Opinion
No. 56957.
07-14-2011
Law Offices of Cynthia Dustin, LLC Attorney General/Carson City Clark County District Attorney
Law Offices of Cynthia Dustin, LLC
Attorney General/Carson City
Clark County District Attorney
ORDER OF AFFIRMANCE
This is an appeal from an order of the district court denying appellant Joseph Emanual Lawrence's timely, first post-conviction petition for a writ of habeas corpus. Eighth Judicial District Court, Clark County; Abbi Silver, Judge.

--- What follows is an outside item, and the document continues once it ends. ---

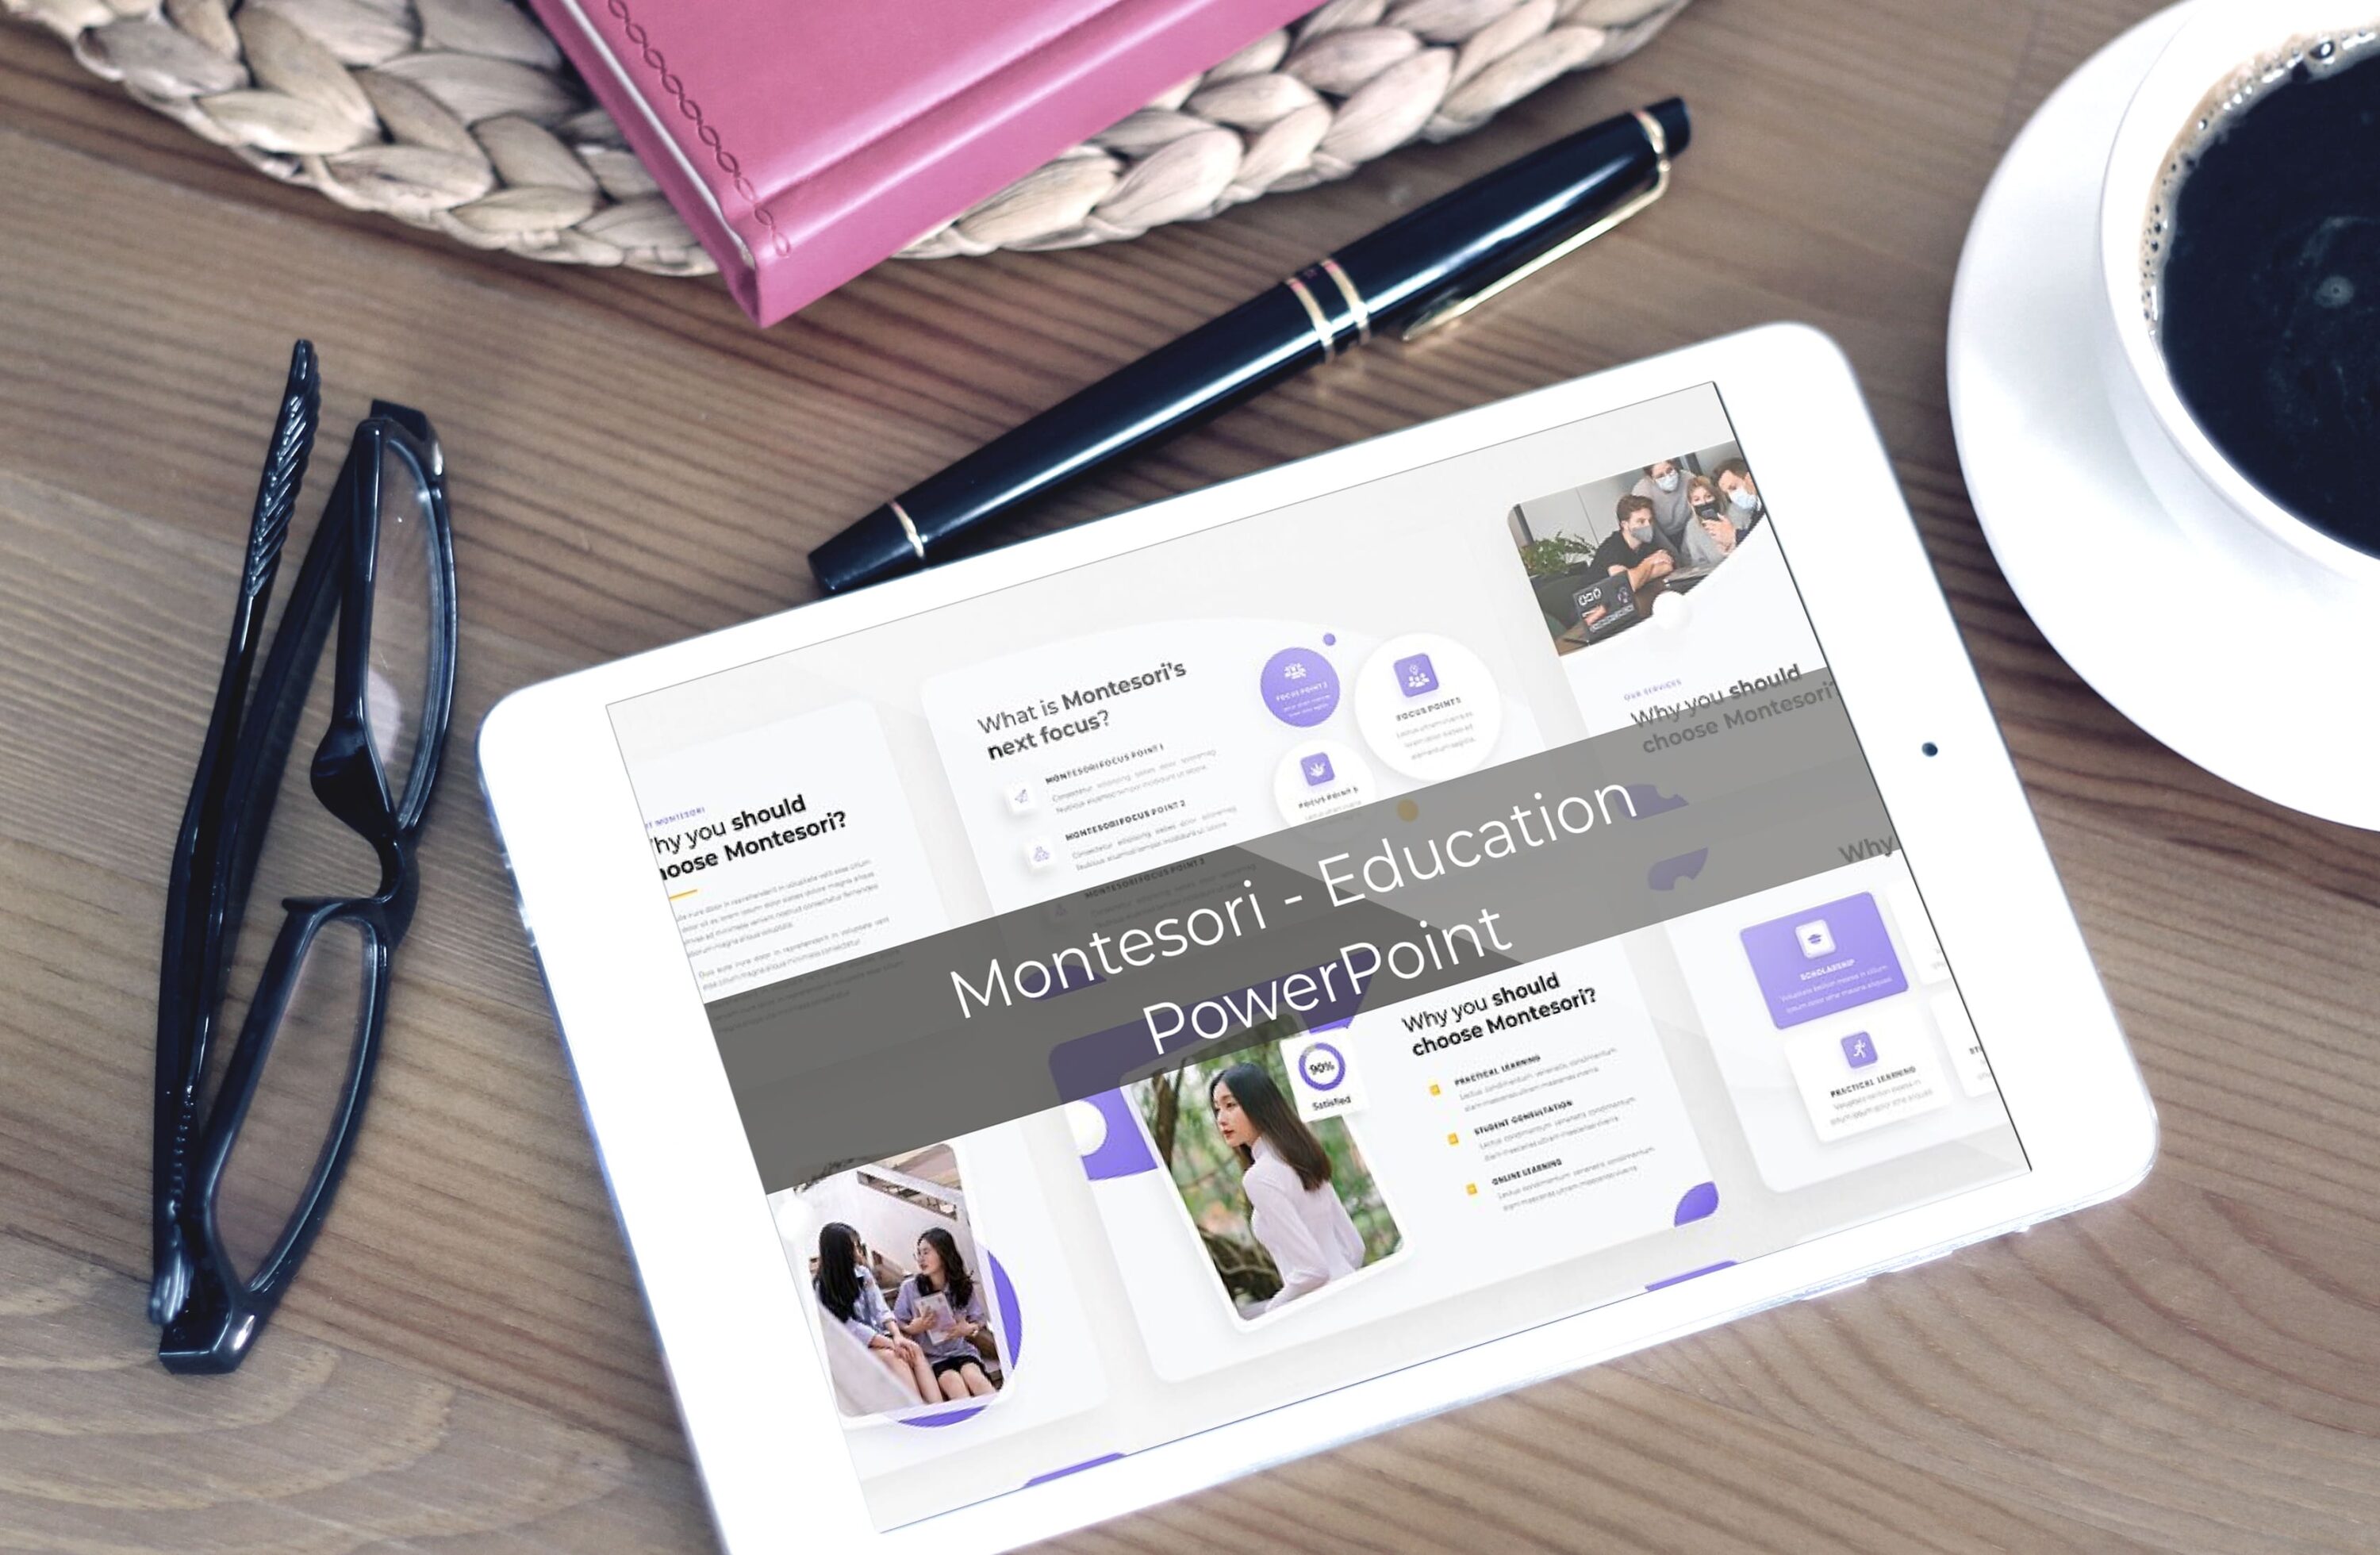 Montesori - Education PowerPoint - tablet.

First, Lawrence contends that the district court erred by finding that his guilty plea was entered knowingly, intelligently, and voluntarily because he was not competent, his mental condition made him susceptible to coercion, and defense counsel failed to address the reservations he expressed about his guilty plea at sentencing. “[W]e will presume that the lower court correctly assessed the validity of the plea, and we will not reverse the lower court's determination absent a clear showing of an abuse of discretion.” Bryant v. State, 102 Nev. 268, 272, 721 P.2d 364, 368 (1986). The district court conducted an evidentiary hearing and found that Lawrence was competent and was not coerced into entering the guilty plea, the plea was properly entered, and the district court addressed the mental health concerns Lawrence raised during sentencing and did not find him incompetent. The record supports the district court's findings and repels Lawrence's contention that his guilty plea was entered unknowingly, unintelligently, and involuntarily.

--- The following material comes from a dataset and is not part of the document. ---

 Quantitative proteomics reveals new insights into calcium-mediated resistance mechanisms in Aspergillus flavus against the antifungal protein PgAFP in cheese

Second, Lawrence contends that the district court erred by finding that he received effective assistance of counsel despite evidence that defense counsel did not investigate his mental illness to determine whether it provided a defense to the specific intent crimes of first-degree kidnapping and attempted murder. When reviewing the district court's resolution of an ineffective-assistance claim, we give deference to the court's factual findings if supported by substantial evidence and not clearly erroneous but review the court's application of the law to those facts de novo. Lader v. Warden, 121 Nev. 682, 686, 120 P.3d 1164, 1166 (2005). The district court conducted an evidentiary hearing and found that defense counsel investigated Lawrence's past mental illness, considered an insanity defense, and concluded that Lawrence's illness did not meet the necessary criteria for a successful insanity defense. The district court determined that Lawrence failed to demonstrate that defense counsel's representation fell below an objective standard of reasonableness and there was a reasonable probability that the result of the proceeding would have been more favorable if counsel had proceeded differently. See Strickland v. Washington, 466 U.S. 668, 687 (1984) (establishing two-part test for ineffective assistance of counsel); Kirksey v. State, 112 Nev. 980, 987–88, 923 P.2d 1102, 1107 (1996) (applying Strickland when judgment arises from a guilty plea); see also Means v. State, 120 Nev. 1001, 1012, 103 P.3d 25, 33 (2004) (petitioner bears the burden of proving ineffective assistance). The district court's factual findings are supported by substantial evidence and are not clearly wrong. And Lawrence has not demonstrated that the district court erred as a matter of law.
Third, Lawrence contends that the district court erred by failing to make specific findings and accept argument at the evidentiary hearing on his claim that he was “deprived access to resources to prepare a defense to his case.” In his petition, Lawrence claimed that defense counsel was ineffective for failing to provide him with the resources necessary to present an insanity defense. However, Lawrence failed to demonstrate “a reasonable probability that, but for counsel's errors, he would not have pleaded guilty and would have insisted on going to trial.” Hill v. Lockhart, 474 U.S. 52, 59 (1985). Accordingly, we conclude that the district court did not err by denying this claim.
Having considered Lawrence's contentions and concluded that they are without merit, we
ORDER the judgment of the district court AFFIRMED.